Ref: Cantiello, Jermyn & Lin 2020, Dittmann et al. 2021, Jermyn et al. 2021, Perna et al. 2021

Binary Stars

The majority of massive stars live their life with companions and will exchange matter through their Roche lobes or possibly merge before exploding. These binary interactions have a strong impact on the appearance and structure of both stars, and observational advancements (e.g., Gaia, VRO/LSST, LIGO/VIRGO) require detailed understanding of common and rare evolutionary paths.

Many stellar phenomena have been linked with accretion in a binary system (e.g., Be stars, LBVs, etc.), and detailed modeling of the internal structure of both stars and their reactions to binary interactions is possible with the MESA software instrument, while rapid population synthesis simulations (e.g., COSMIC) can be used to explore the parameter space and make predictions for event rates, and (magneto-)hydrodynamical codes (e.g., Athena++) might allow to run direct numerical simulations of rapid binary interactions in the very high mass regime.

Project ideas:

• Mass transfer with MESA: Study stellar structure reaction to varying mass and angular momentum accretion rates. Compare to full binary run, possibly find analytic fits.

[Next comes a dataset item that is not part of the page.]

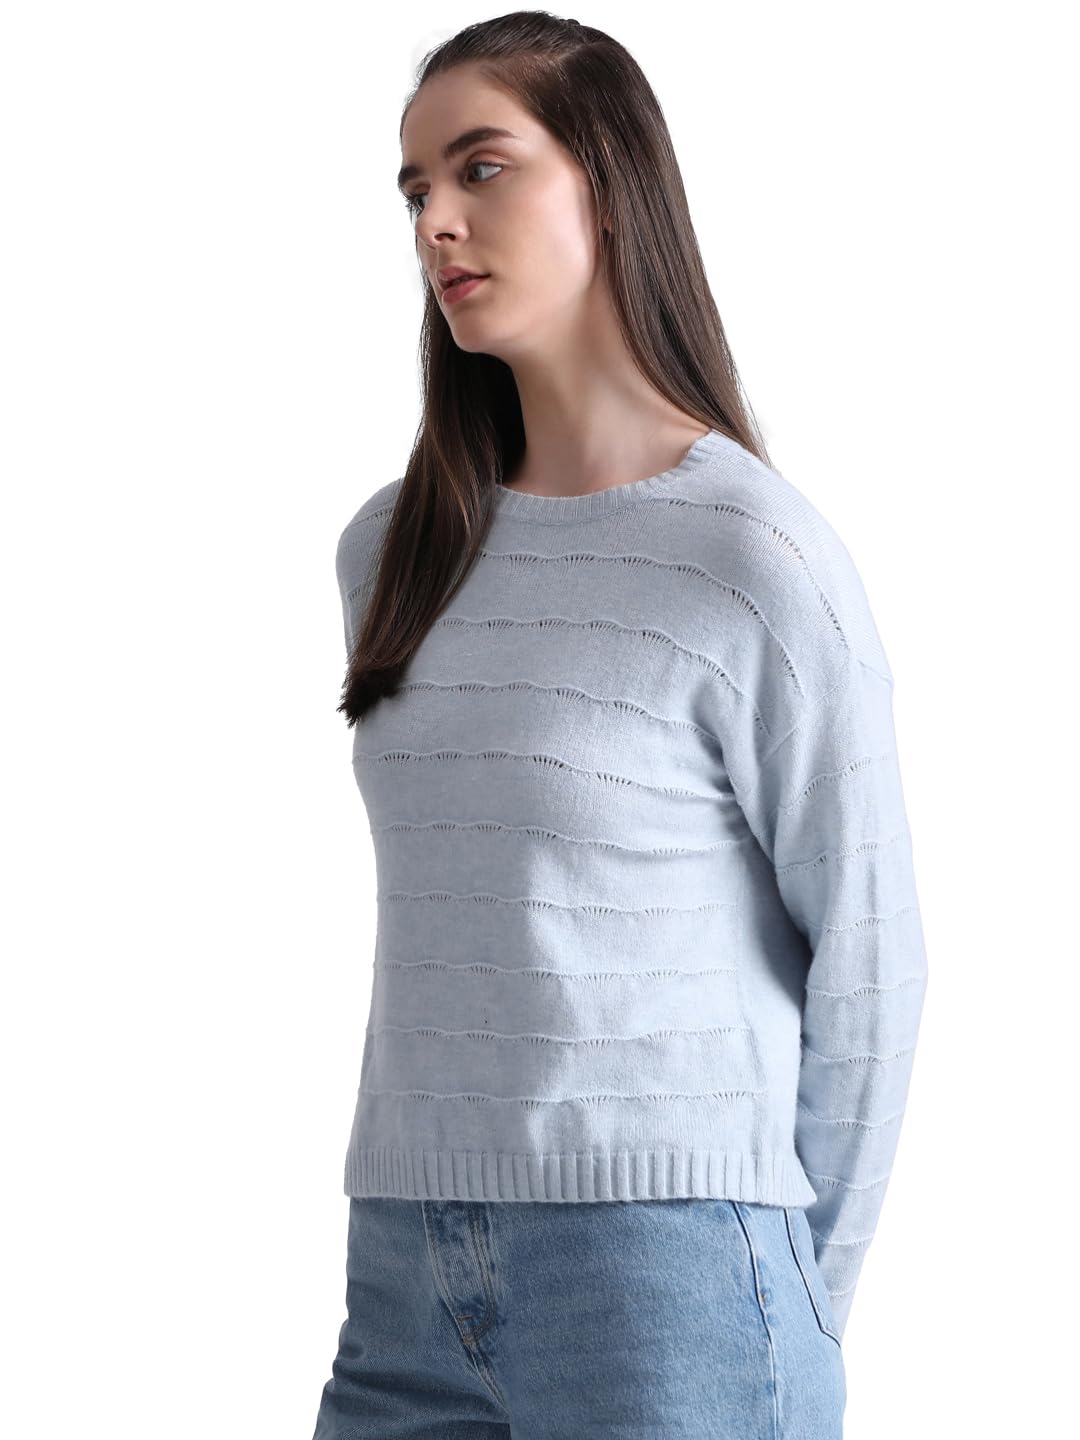 Only Women's Viscose Blend Round Neck Blue Sweater_Large

• Model grid of accretors to be used for unpublished galactic eclipsing binaries, Be stars in LB1 and HR6819 right after RLOF, Be-XRB, Be vs. B[e] stars

• Modeling of late CCSNe from RSG+CO WD, to check if it leads to lifting the WD degeneracy or to a type 1.5 SN.

• ATHENA++ modeling of RLOF accretion on a 50+Msun star: relevant to GW formation scenarios and might be possible if thermal and dynamical timescale are similar.

APOGEE Binaries

Binary stars represent a powerful probe of stellar evolution. Data from the APOGEE radial velocity survey have been used to identify a large population of binary main-sequence and red giant stars. This project would involve studying the chemical abundances, eccentricities, periods, and rotation periods of the APOGEE binaries, and leveraging semi-analytic models as well as 1D stellar evolutionary models to gain insight into how both single and binary stars evolve.

Modeling Stellar Ingestions with MESA

Planets and stars can be engulfed when, e.g., their host or companion star ascends the giant branch. Using a 1D code (MESA) it is possible to account for the energy deposited during the spiral in and determine the evolution of the primary star. This project aims at creating a grid of light-curves to be used as templates for observations with VRO/LSST.

Late Phases of Massive Stars Evolution

The spin rate of black holes and neutron stars, and its relation to the pre-explosion core structure and the physics of stellar explosion is an as-yet insufficiently explored topic. Present measurements in X-ray binaries and GW sources show very different black hole spin-distributions, and many theoretical processes might influence the final core spin and the explosion of massive stars. These include stochastic spin up/down of the inner core by late shell burning and accretion of high angular momentum material from convective shells in red supergiants. These mechanisms can introduce a stochastic component in the spin evolution of stars, and their importance for the sample of observed compact object spins is as of yet poorly explored.

Project ideas:

Study the spin rate of compact remnants due to:

1. Stochastic spin up from IGWs (extending the work of Fuller et al. 2015)

2. Stochastic angular momentum accretion from convective shells fallback (extending the work of Quataert et al. 2019)

In particular the goal will be to characterize amplitude and relative orientation of the spin vector, consider different types of objects (e.g. He stars) for applications to GW progenitors from isolated binaries.